How Biased Measures Lead to False Conclusions


One hopeful development in evidence-based reform in education is the improvement in the quality of evaluations of educational programs. Because of policies and funding provided by the Institute of Education Sciences (IES) and Investing in Innovation (i3) in the U.S. and by the Education Endowment Foundation (EEF) in the U.K., most evaluations of educational programs today use far better procedures than was true as recently as five years ago. Experiments are likely to be large, to use random assignment or careful matching, and to be carried out by third-party evaluators, all of which give (or should give) educators and policy makers greater confidence that evaluations are unbiased and that their findings are meaningful.

Despite these positive developments, there remain serious problems in some evaluations. One of these relates to measures that give the experimental group an unfair advantage.

There are several ways in which measures can unfairly favor the experimental group. The most common is where measures are made by the creator of the program and are precisely aligned with the curriculum taught in the experimental group but not the control group. For example, a developer might reason that a new curriculum represents what students should be taught in, say, science or math, so it’s all right to use a measure aligned with the experimental program. However, use of such measures gives a huge advantage to the experimental group. In an article published in the Journal of Research on Educational Effectiveness, Nancy Madden and I looked at effect sizes for such over-aligned measures among studies accepted by the What Works Clearinghouse (WWC). In reading, we found an average effect size of +0.51 for over-aligned measures, compared to an average of +0.06 for measures that were fair to the content taught in experimental and control groups. In math, the difference was +0.45 for over-aligned measures, -0.03 for fair ones. These are huge differences.

A special case of over-aligned measures takes place when content is introduced earlier than usual in students’ progression through school in the experimental group, but not the control group. For example, if students are taught first-grade math skills in kindergarten, they will of course do better on a first grade test (in kindergarten) than will students not taught these skills in kindergarten. But will the students still be better off by the end of first grade, when all have been taught first grade skills? It’s unlikely.

One more special case of over-alignment takes place in relatively brief studies when students are pre-tested, taught a given topic, and then post-tested, say, eight weeks later. The control group, however, might have been taught that topic earlier or later than that eight-week period, or might have spent much less than 8 weeks on it. In a recent review of elementary science programs, we found many examples of this, including situations in which experimental groups were taught a topic such as electricity during an experiment, while the control group was not taught about electricity at all during that period. Not surprisingly, these studies produce very large but meaningless effect sizes.

As evidence becomes more important in educational policy and practice, we researchers need to get our own house in order. Insisting on the use of measures that are not biased in favor of experimental groups is a major necessity in building a body of evidence that educators can rely on.


Making Effective Use of Paraprofessionals


The Education Endowment Foundation (EEF) in England has just released its first six reports of studies evaluating various interventions. In each case, rigorous, randomized evaluations were done by third parties. As is typical in such studies, most found that treatments did not have significant positive outcomes, but two of them did. Both evaluated different uses of paraprofessionals. In England, as in the U.S., paraprofessionals usually assist teachers in classrooms, helping individual students with problems, helping the teacher with classroom management, and “other duties as assigned.” As in the U.S., teachers, parents, and politicians like paraprofessionals, because they are usually nice, helpful people from the community who free teachers from mundane tasks so the teachers can do what they do best. Unfortunately, research in both countries finds that paraprofessionals make no difference in student learning.
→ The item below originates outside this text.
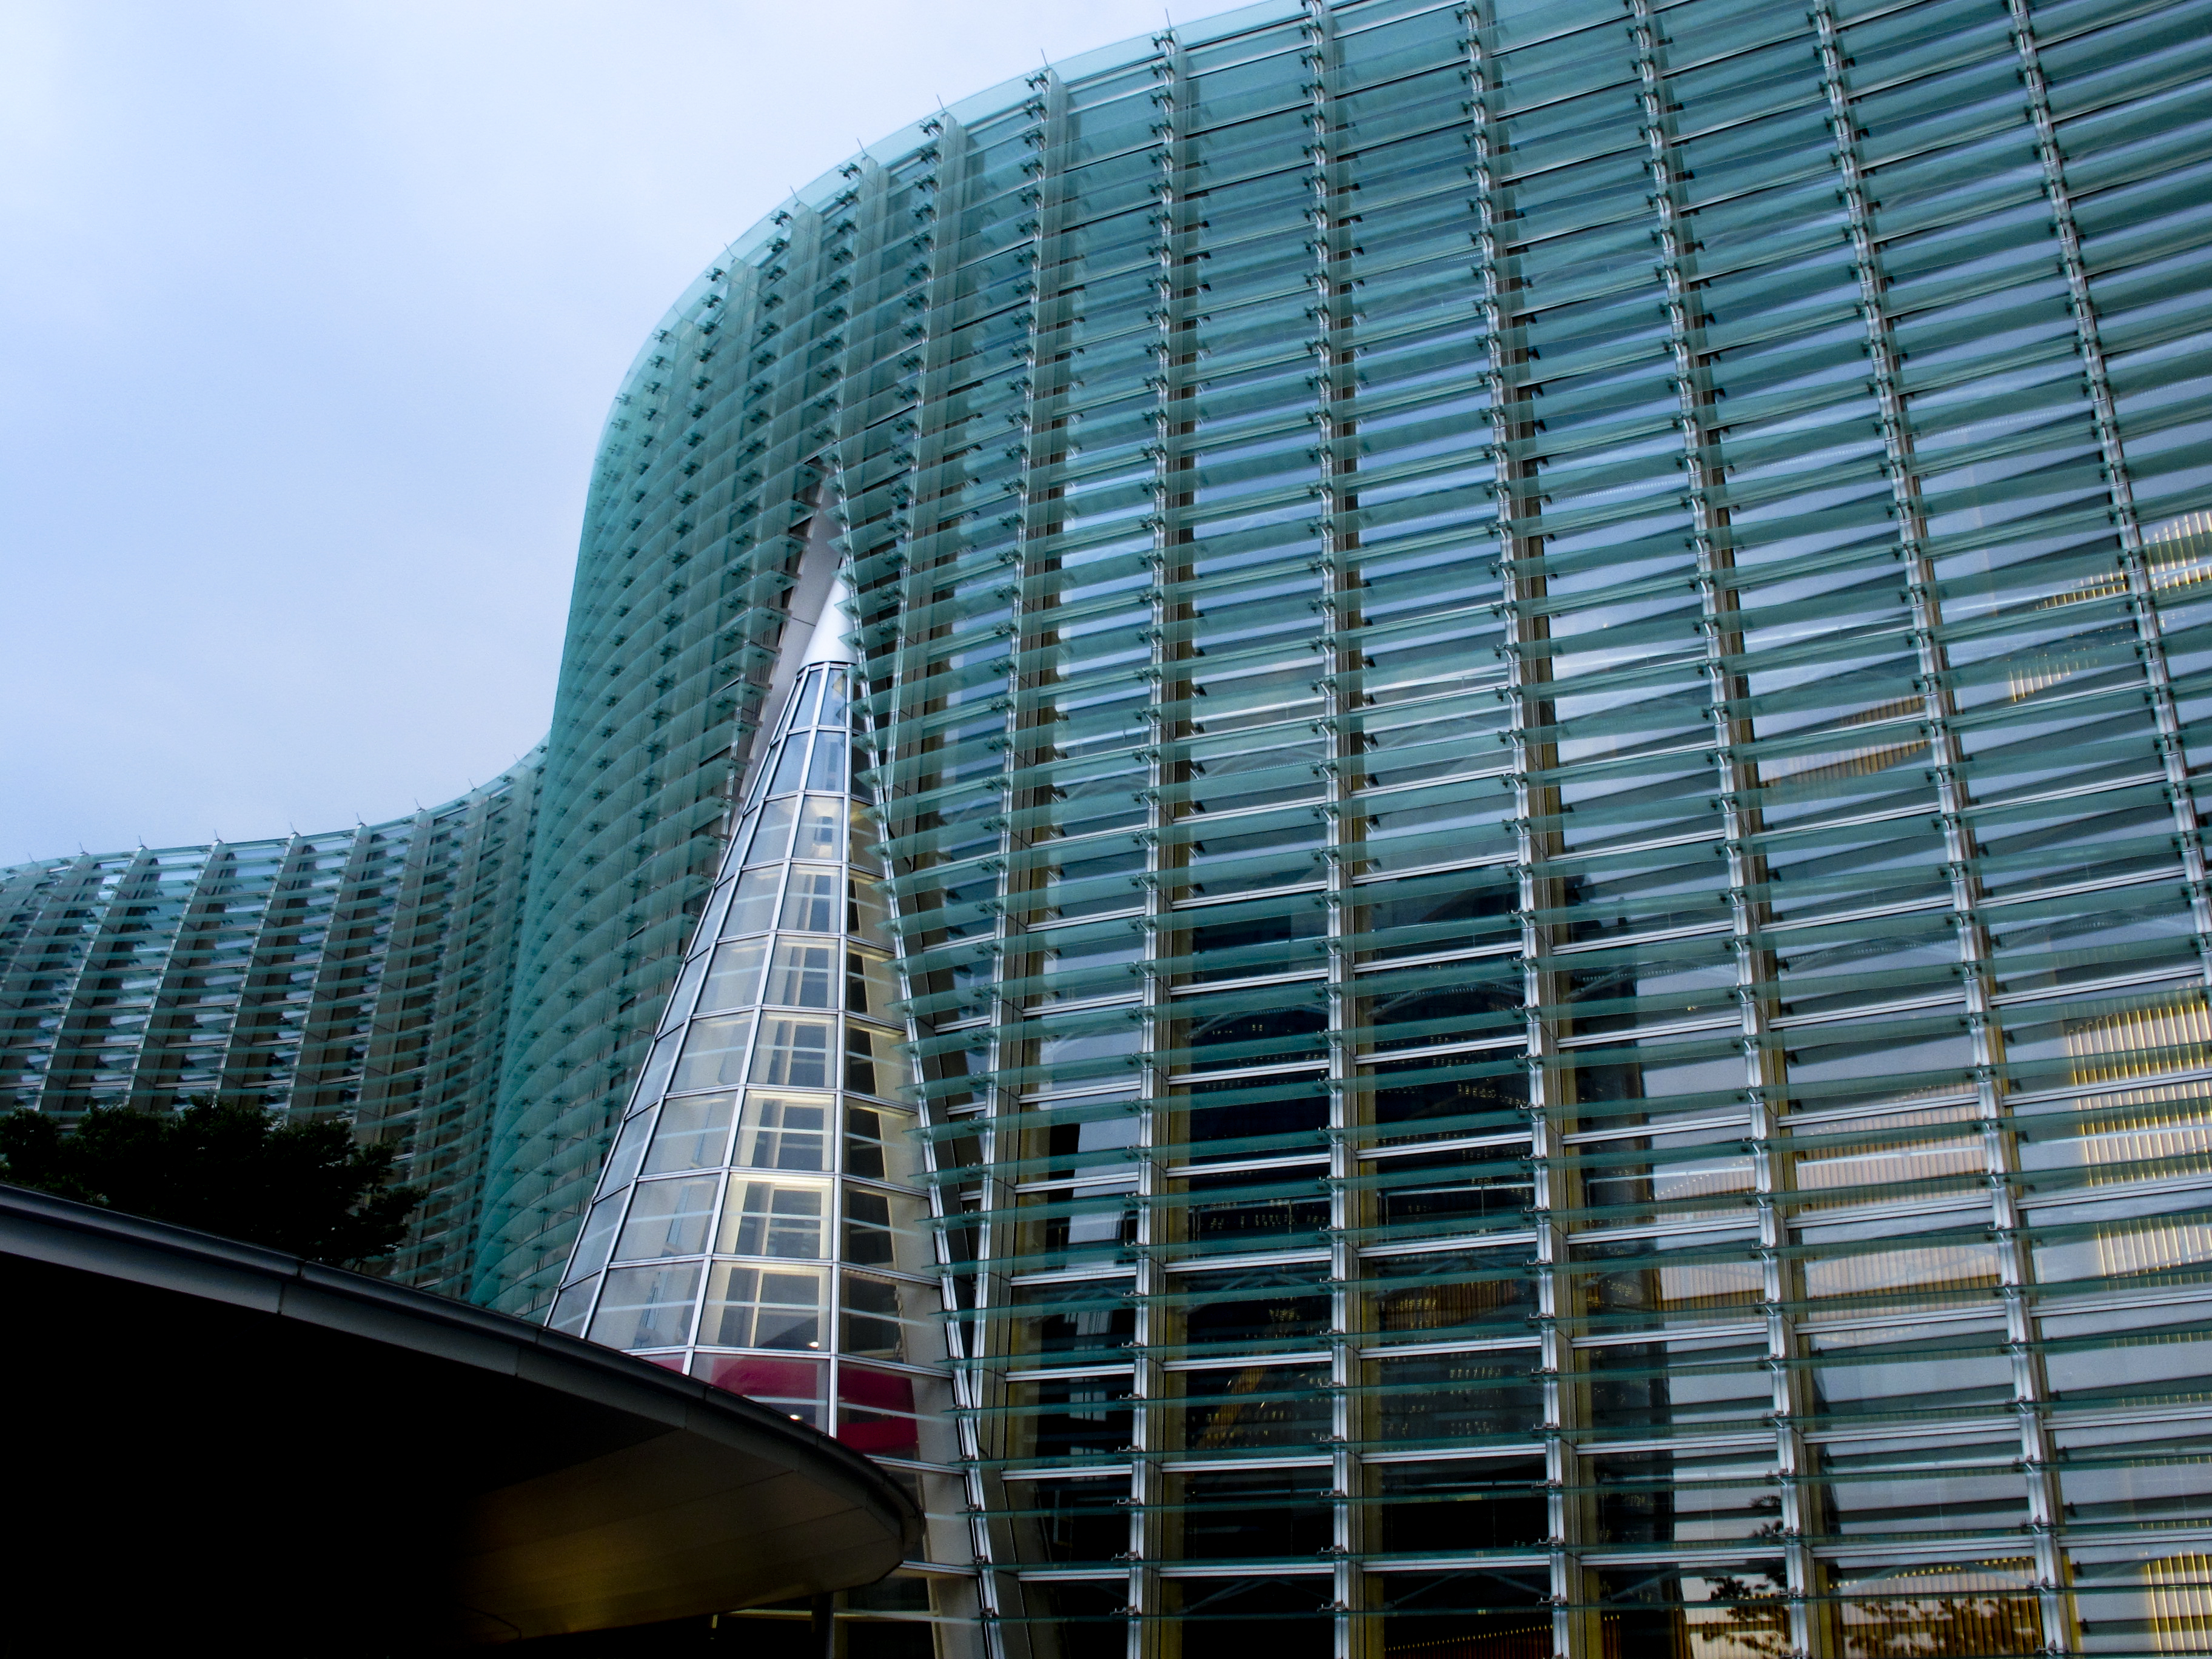 Architects: Kisho Kurokawa architect & associates + Nihon Sekkei, Inc.

The famous Tennessee Class Size study, for example, compared larger and smaller classes, but also had a large-class-with-paraprofessional condition, in which student achievement was precisely the same as it was in the large classes without paraprofessionals.
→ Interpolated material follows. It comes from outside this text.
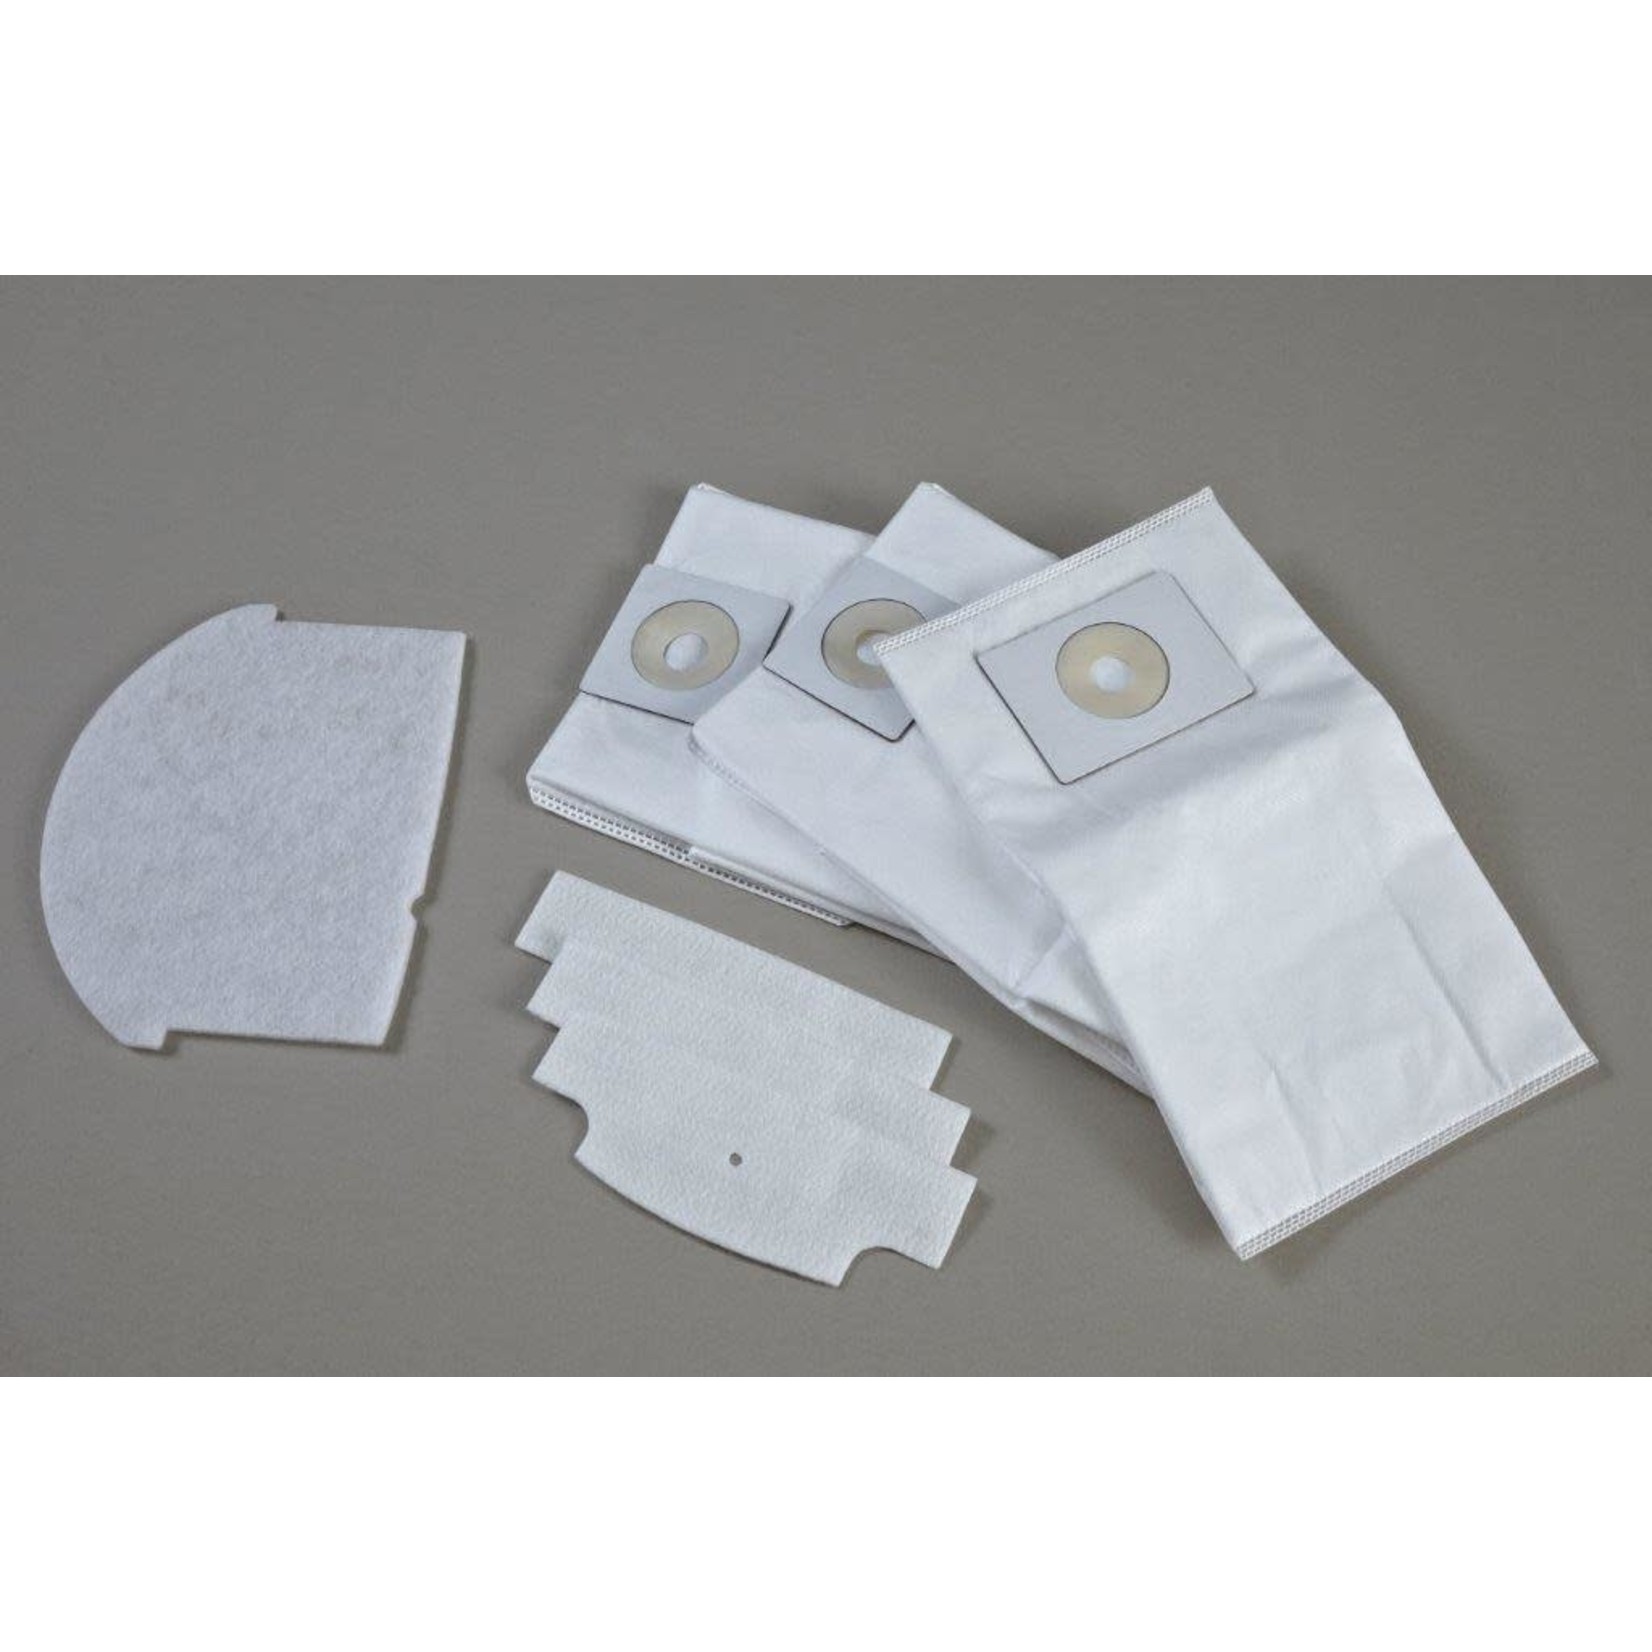 Intervac Intervac CondoVac Paper Bags -  3/pkg

In one of the recent EEF-funded evaluations, teaching assistants taught struggling secondary readers one-to-one 20 minutes a day for 10 weeks. The study involved 308 middle schoolers randomly assigned to tutoring or ordinary teaching in 19 schools. The tutored students gained significantly more in reading than did controls. Similarly, a studyin which 324 elementary students in 54 schools were randomly assigned to one-to-one tutoring in math or to regular teaching found that the tutored students gained significantly more.

The EEF reports add to a considerable body of research in the U.S. showing that well-trained paraprofessionals can obtain substantial gains with struggling readers in one-to-one and small-group tutoring.

What these findings tell us is crystal clear. Already in our schools we have a powerful but underutilized resource, paraprofessionals who, with training and assistance, could be making a substantial difference in the lives of struggling students. This resource is costing us a lot. Most of the $15 billion we spend on Title I every year is spent on paraprofessionals, as is a lot of state and local funding. From personal experience, paraprofessionals are caring and capable people who want to make a difference. Why not use the evidence to help them do just that?